Exercise details:
Copy the listing in full and exactly, omitting its images.
#### Stored data
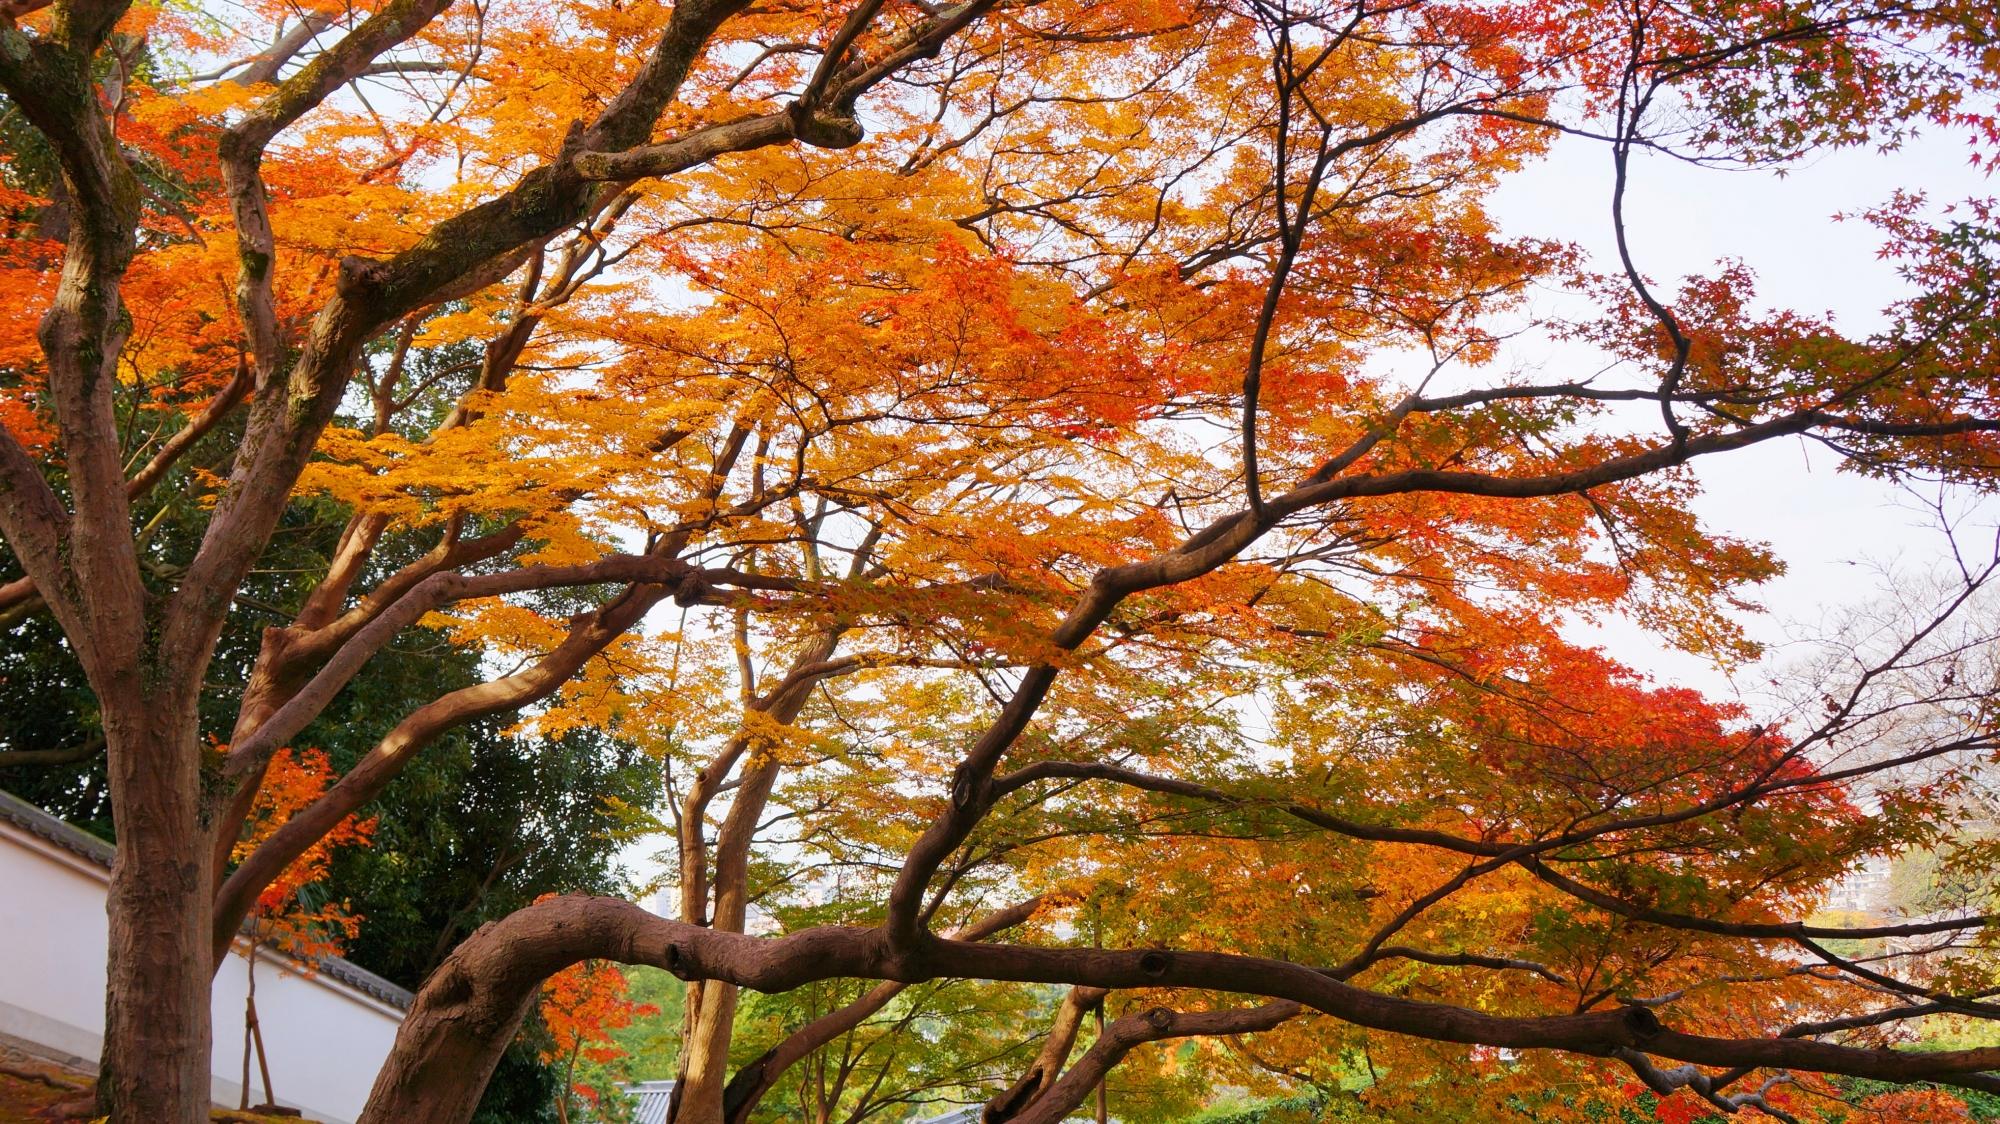 静かな黒門坂でたくさんの枝を伸ばして色づく
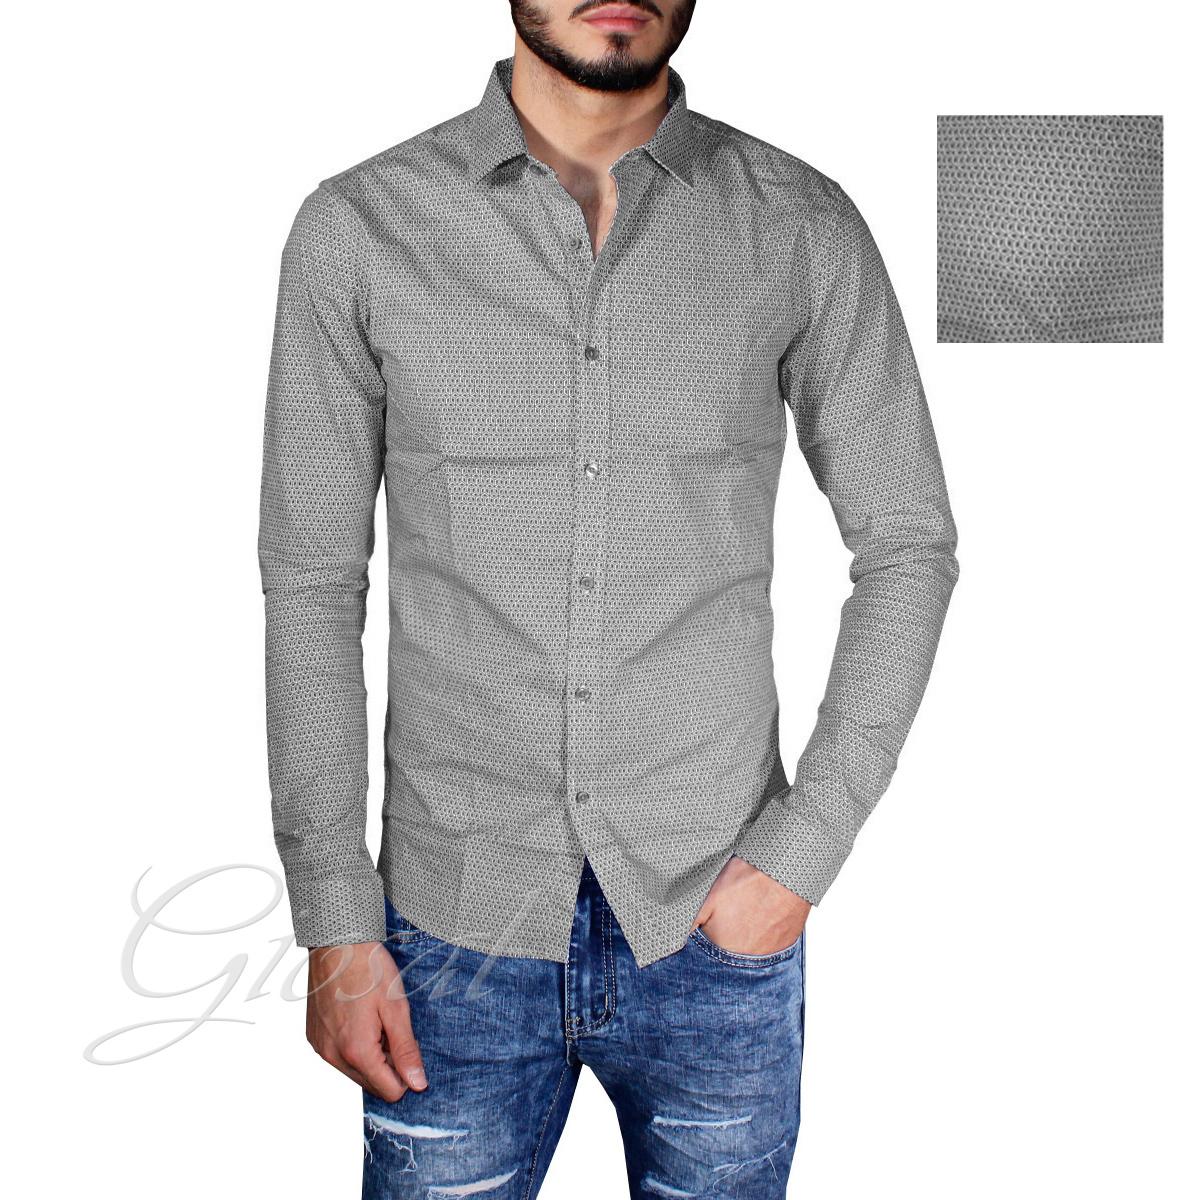 Camicia-Uomo-Casual-Slim-Bottoni-Microcubi-Colletto-Blu-Grigia-GIOSAL miniatura 7
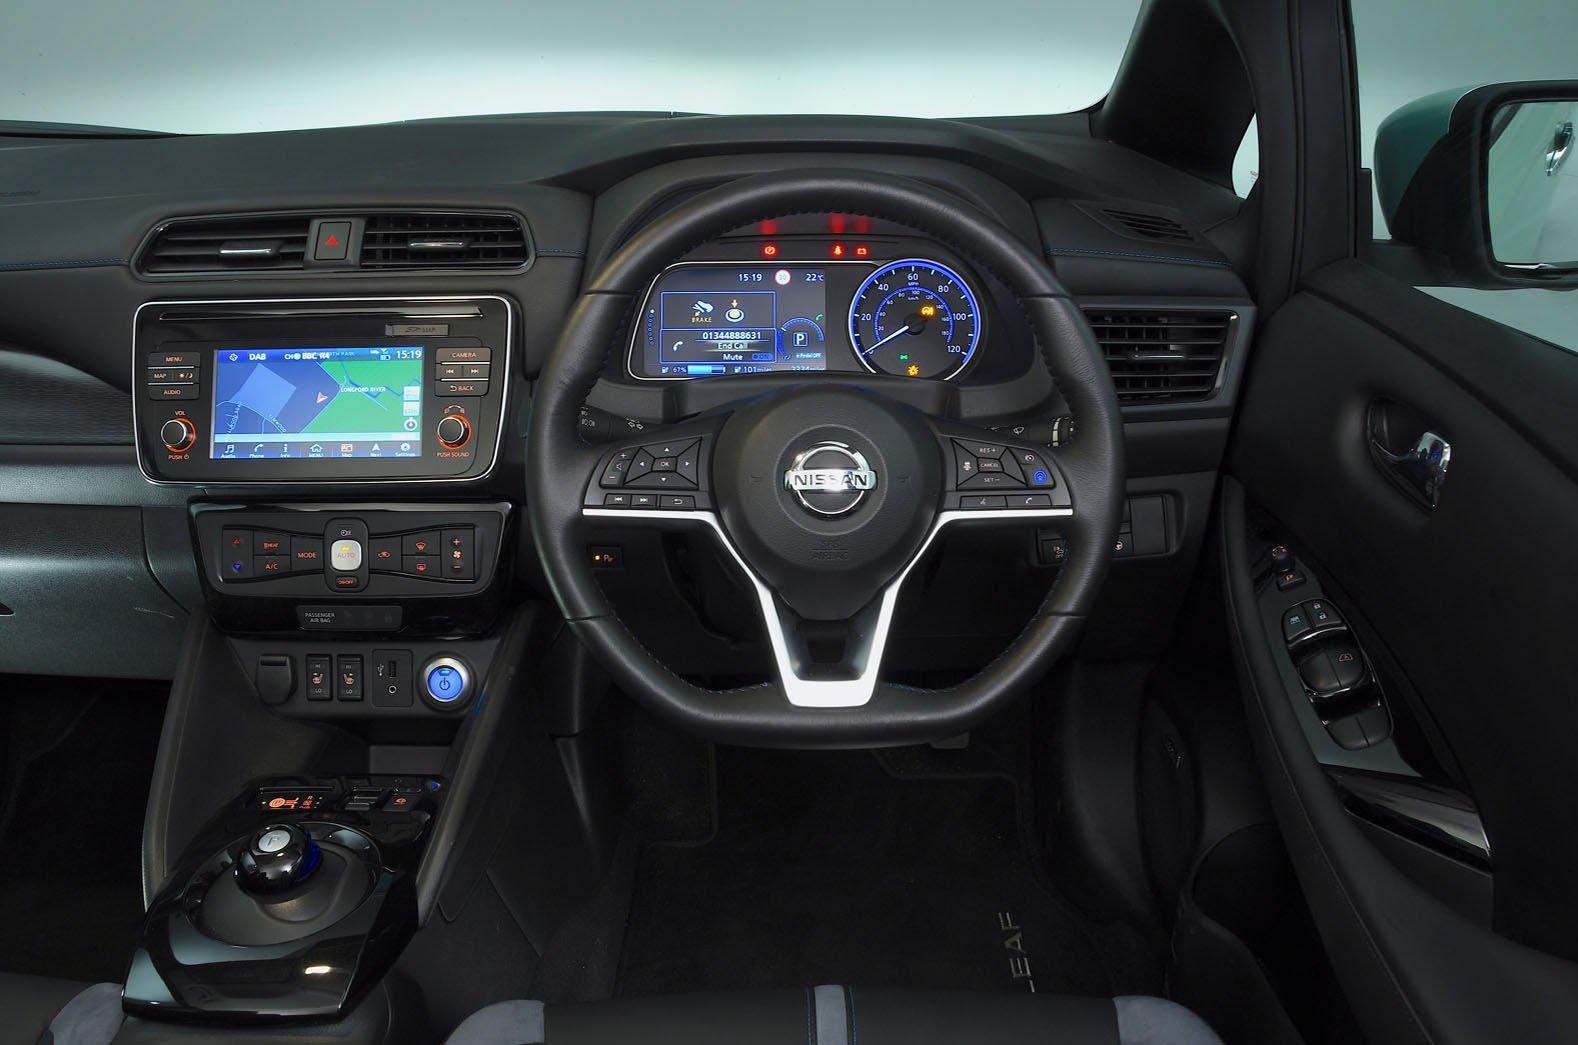 Nissan Leaf dashboard
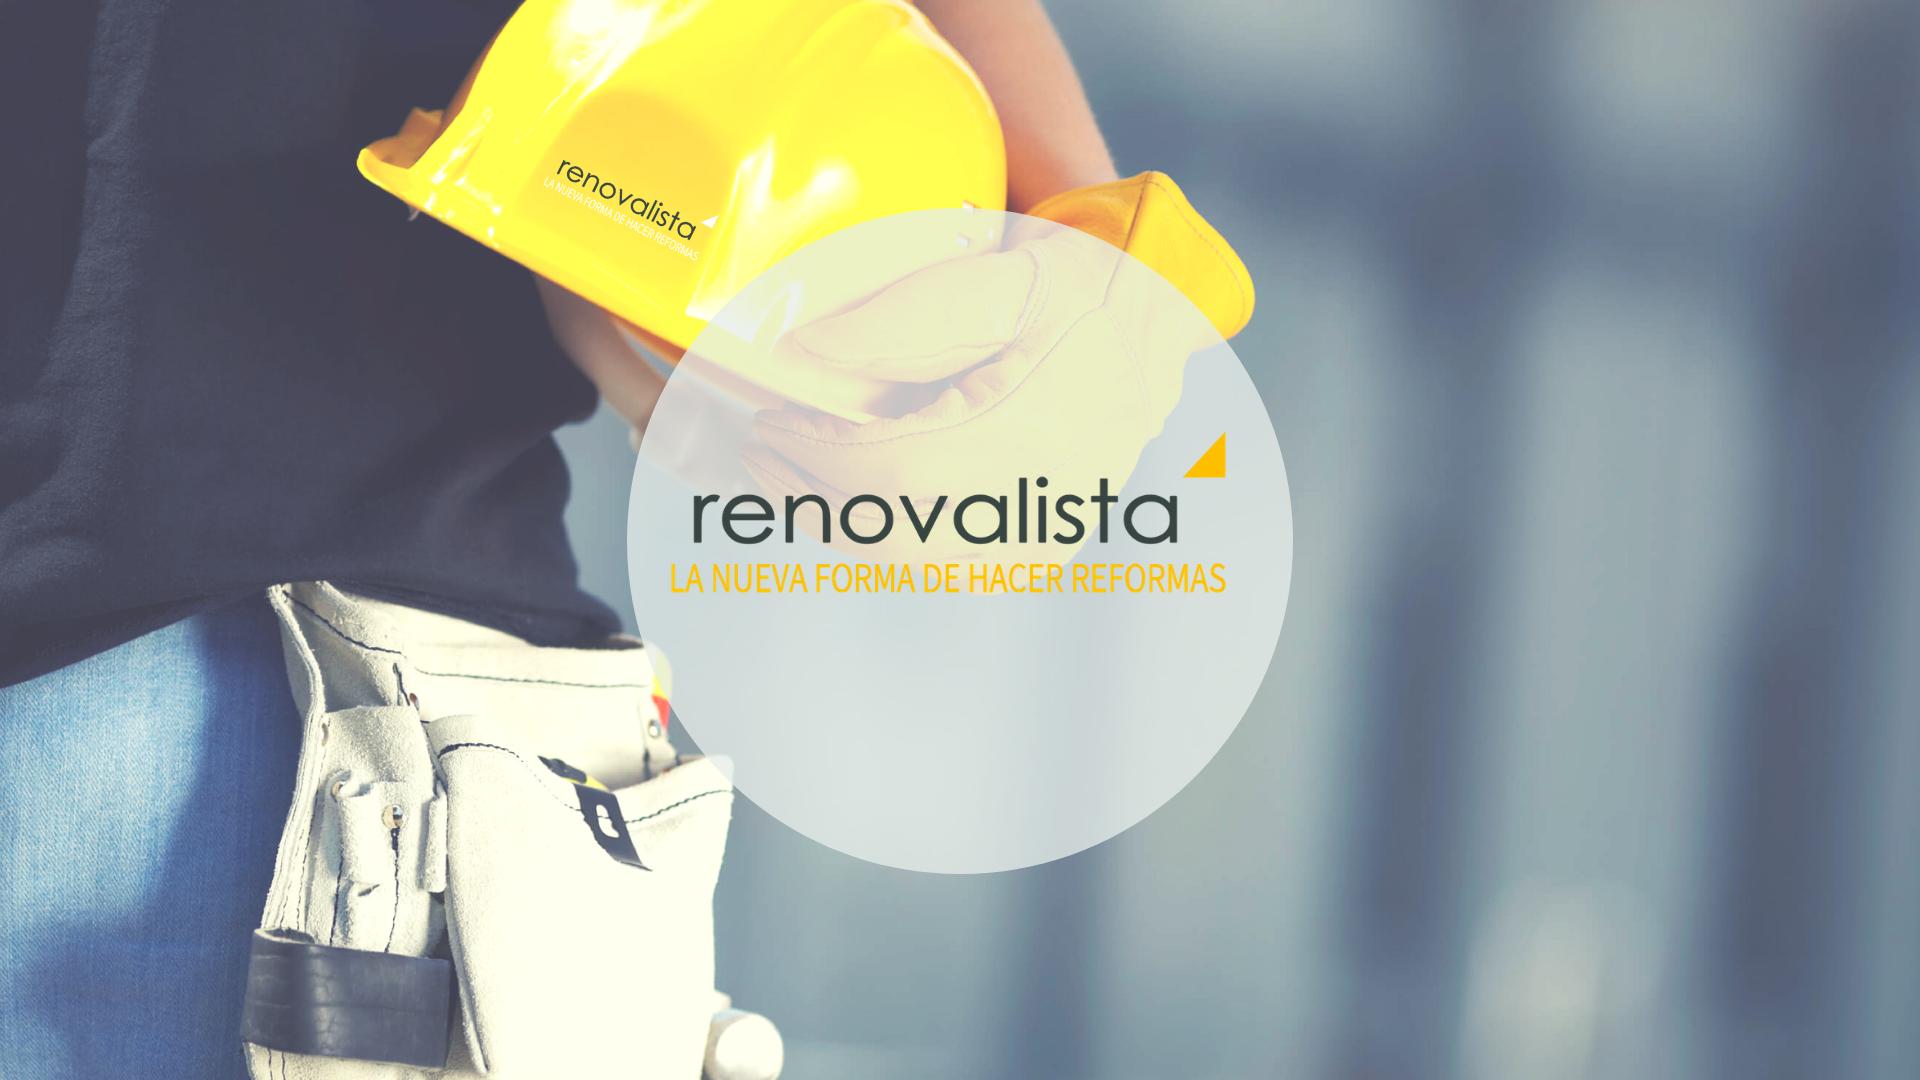 renovalista.com – La nueva forma de hacer reformas
########
Response area:
 静かな黒門坂でたくさんの枝を伸ばして色づく
 Camicia-Uomo-Casual-Slim-Bottoni-Microcubi-Colletto-Blu-Grigia-GIOSAL miniatura 7
 Nissan Leaf dashboard
 renovalista.com – La nueva forma de hacer reformas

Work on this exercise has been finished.